Now, you can argue about the relative merits of Ascential and Informatica. Depending on what sort of features and functions you regard as most important, you might choose either one, depending on the circumstances. In its press releases and statements reported in the press it is suggested that Ascential is closer to PeopleSoft's vision, particularly with respect to EAI (enterprise application integration). This is presumably a reference to Ascential's recent acquisition of Mercator. However, if that is the case, then this argument doesn't stack up: Ascential is at pains to point out that it is not moving into the EAI space and that its purchase of Mercator is about extending its data integration facilities and not about EAI.

As one might expect, with their current agreement due to expire at the end of last year, Informatica and PeopleSoft were in negotiations about its renewal for some months prior to this date. According to my sources at Informatica, PeopleSoft wanted to replace the current agreement with one that provided PowerCenter instead of PowerMart, and they wanted more flexible licensing arrangements. This would have effectively meant that any user of EPM would not only have PowerCenter bundled into the product, but would be able to extend their use of PowerCenter to other application areas as well, without further charge. Thus Informatica stood to make no additional revenues except for additional connectors and so forth.

Informatica was negotiating on this basis and, as far as it was concerned, this was a reasonable agreement provided the financial terms were satisfactory. Then Ascential, according to Ron Papa, senior VP of Business Development at Informatica, came in with an offer that PeopleSoft could not refuse and Informatica declined to match it, because it felt that the terms were not commercially viable. Perhaps most tellingly, there were no technical discussions: PeopleSoft never came to look at the new features of PowerCenter 7, which strongly suggests that this was indeed purely a price-based decision.

The upshot of all this is that PeopleSoft should be able to offer more functionality (which it would have had, if in somewhat different ways, with PowerCenter 7 anyway) at a lower price. No doubt it hopes that this will help it attract more customers to EPM.

But what about existing customers? Suppose customers want to continue to use PowerMart - who will support it? PeopleSoft? How? In fact it is likely that Informatica will make these users an offer for support and maintenance. And my guess is that it will be very aggressively priced. So we can expect a large rump of users to continue to use PowerMart. Besides, many of them are corporate users of Informatica in a much wider context, and these companies will certainly not want to migrate to Ascential.
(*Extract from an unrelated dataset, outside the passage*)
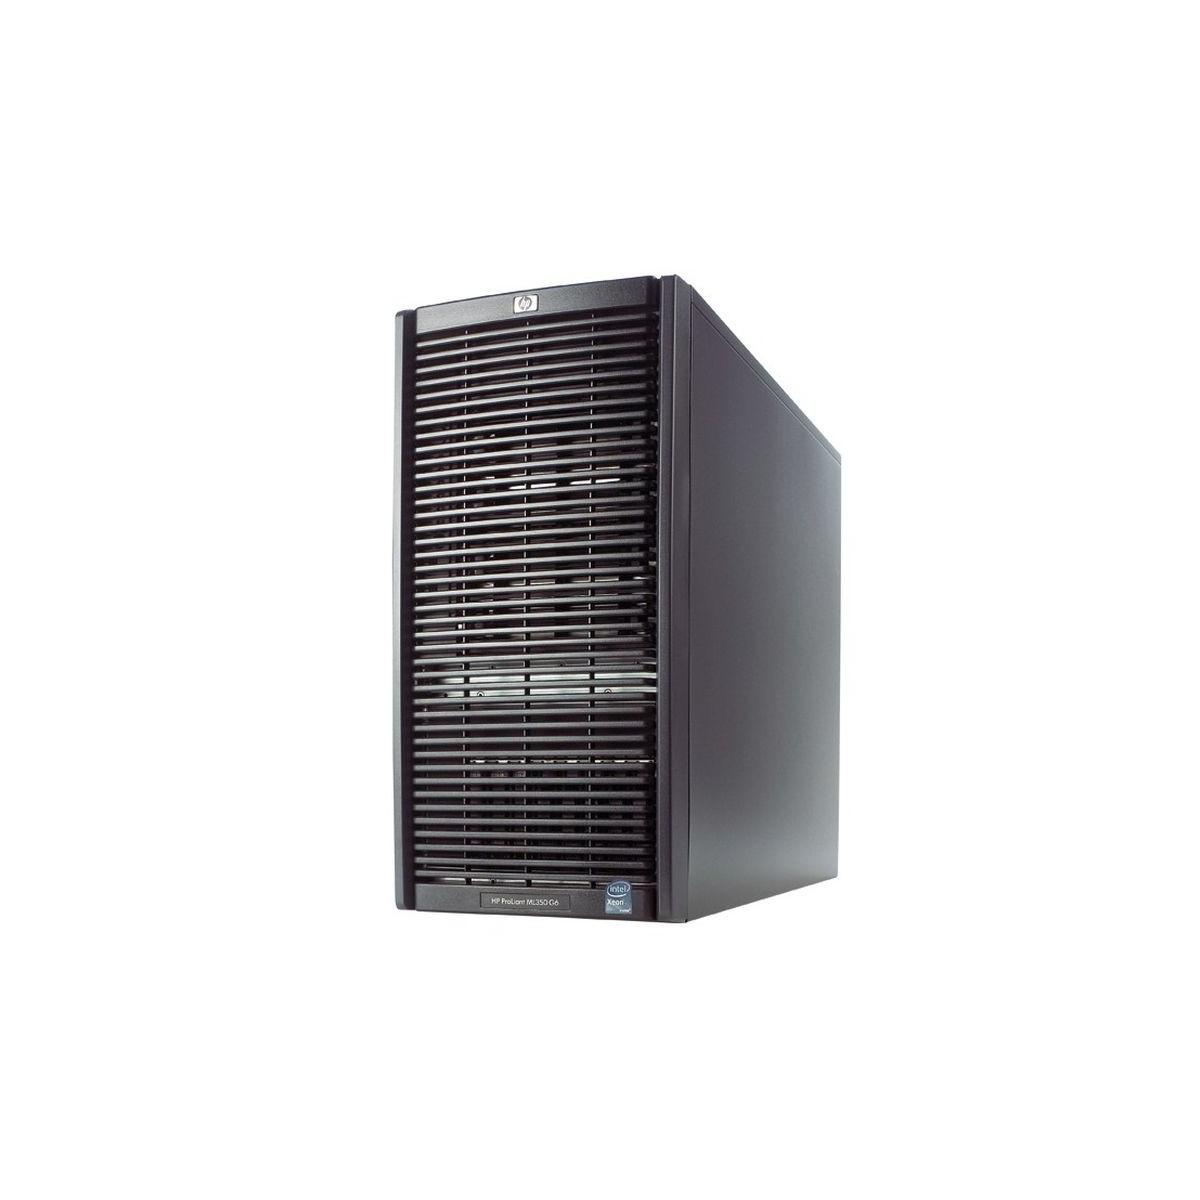 HP ML350 G6 2.4 QC 16GB 3x500GB 2xPSU P410i ILO2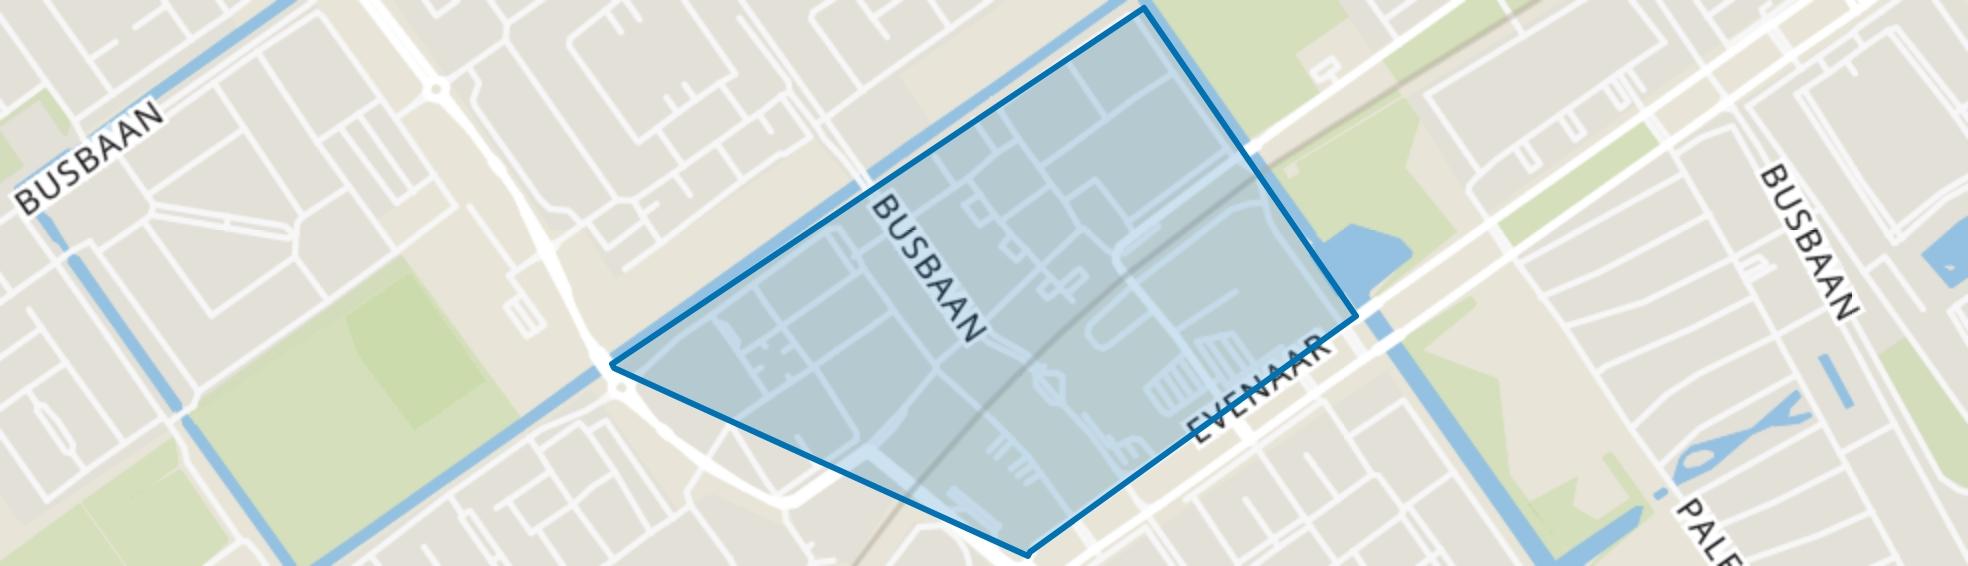 Centrum Almere Buiten, Almere map

And how about those customers that PeopleSoft persuades to migrate? There is talk about free consulting and testing. It has even been suggested that users can simply ship their transformation models off to PeopleSoft/Ascential and wait for converted models to be returned to them, which they can simply plug into Ascential DataStage and go. Oh really? What tree have you been living in?

Now, that is the direction that Informatica, at least, is moving in - de-coupling the models from the engine - which potentially opens the door to having standards for transformation models, but that day has not yet dawned. In the meantime, it is not a trivial exercise to move models like this. My advice to anyone in this position would be to proceed extremely cautiously: wait until lots of other people have done it first. Indeed, unless there was a compelling reason otherwise, I probably wouldn't recommend moving at all.

I have to say that I am surprised at this decision by PeopleSoft. I don't necessarily blame it for choosing Ascential - it has a good product set that is a serious competitor to Informatica - but surely, PeopleSoft's user community has enough on its plate already. With the acquisition of JD Edwards only just completed and Oracle still making a huge nuisance of itself, the last thing that PeopeSoft's customer base needs is another cause of upheaval.